教職の授業もやっている。学生がこんなめにあったらやりきれないと思う。
で、
読売新聞さんは「5月には、人生経験の少なさも批判された。」という書き方をしていて、これは、この先生が人生経験が少ないです、という前提の書き方なのだけれど、えー、これも時流に乗った書きぶりではあるんで、
時流に乗らない感覚で言えば、「結婚や子育てをしていないので経験が乏しいのではないか」みたいな発言は、政治的に正しくないし、まぁどういうタイミングで校長に相談に行ったのかはよくわからないけれど、「このため5月22日、校長に初めて相談。保護者と電話で話すよう指示を受けたが」というのは、どうなんでしょう、この校長先生がもう少し気が効いてサポートしてたら(たとえばフラフラ状態の先生を電話対決でトンデモ発言の保護者にさらにぶつからせるのは酷かなあ、とか様子を見たりとか?)、こういう悪い結果にはならなかっただろうけどなあ、と思う、
っていうか、この記事を読んだ感想をありていに言えば、
この校長も腹の中では「結婚や子育てをしていないので経験が乏しいのではないか」みたいに思っていたのじゃないか。だから、学校スタッフとしてのチームワークで、若い先生をフォローしながら、保護者に接する、みたいなことができなくて、ぎゃくに、むしろ心情的には保護者+校長vs若い先生、みたいな構図になってしまったんじゃないか、とか。まぁそれは悪い想像ですが。

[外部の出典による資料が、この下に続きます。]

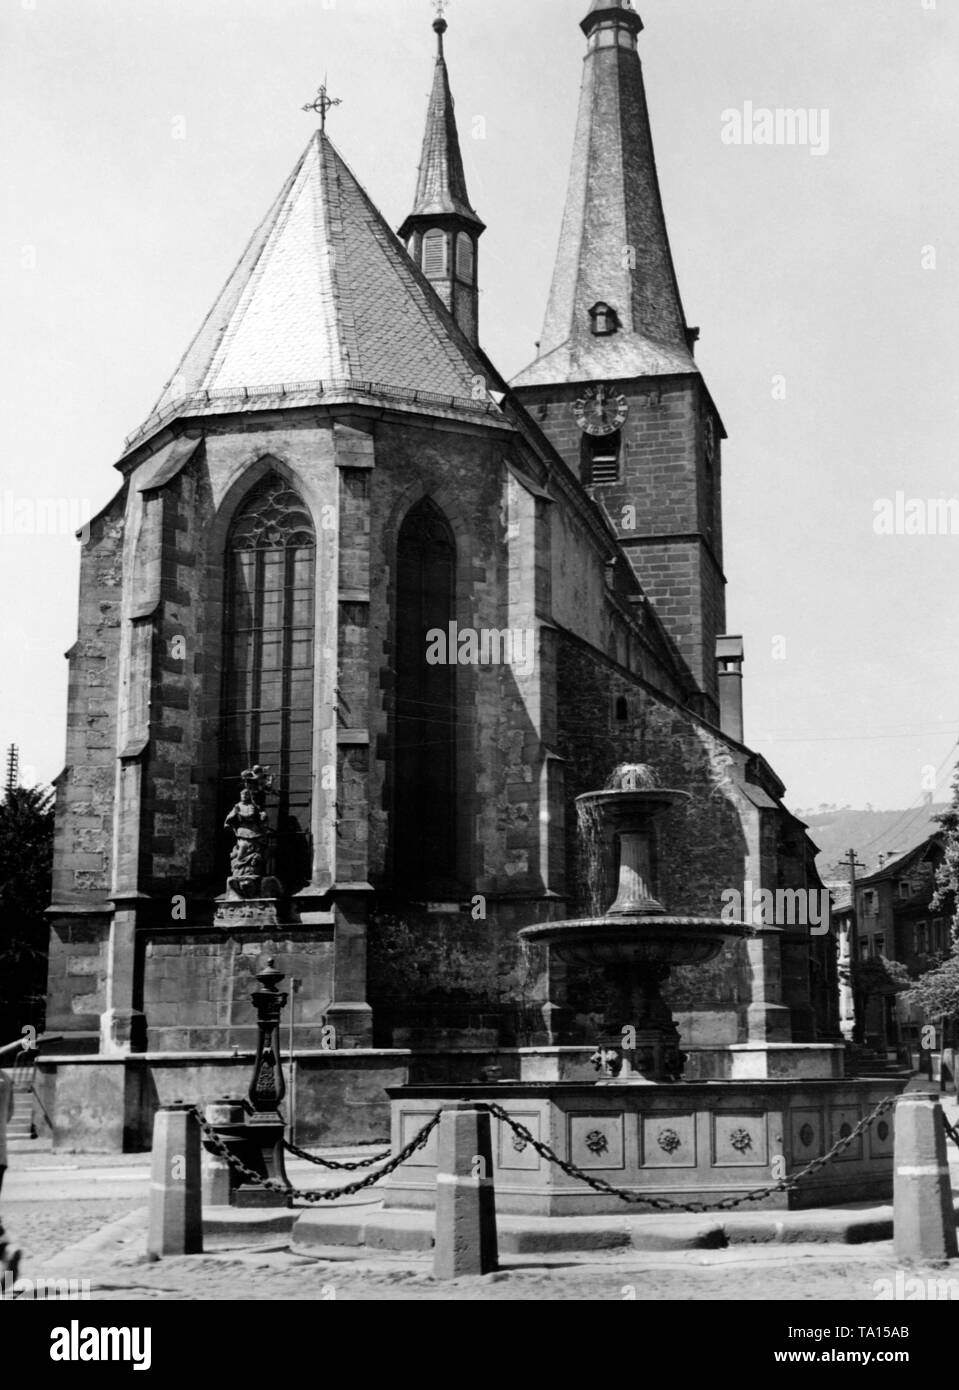 Die spätgotische Katholische Pfarrkirche St. Ulrich gebaut von 1444 bis 1473 als dreischiffige Spalte Basilika mit einem 70 m hohen Turm in der kleinen Stadt Deidesheim in Rheinland-Pfalz. Stockfoto

やー、東京都と聞くとそういう想像がわくようになってきてよくないですね。
ていうか、
「結婚や子育てをしていないので経験が乏しいのではないか」みたいなことを言う保護者は、ではなぜ、「結婚や子育てをして」「経験」が豊かであるはずなのに、おまえんちのガキはしつけがなっとらんのかね?と思うし、
おまえとりあえずその豊かな経験でせめてわがガキのしつけをしてから文句をいいなはれ、
学校の教師の仕事は「結婚や子育て」の経験とは別もんなんやから無責任に口出しすな、
という、ごくまっとう&穏当な理屈だけをちゃんと見失わずに(自分が&まわりの同僚が)キープできてさえいれば、そんなに追い詰められずに乗り切れた(あるいはこの仕事は向いてないとドライに割り切ることもできた)かもしれない。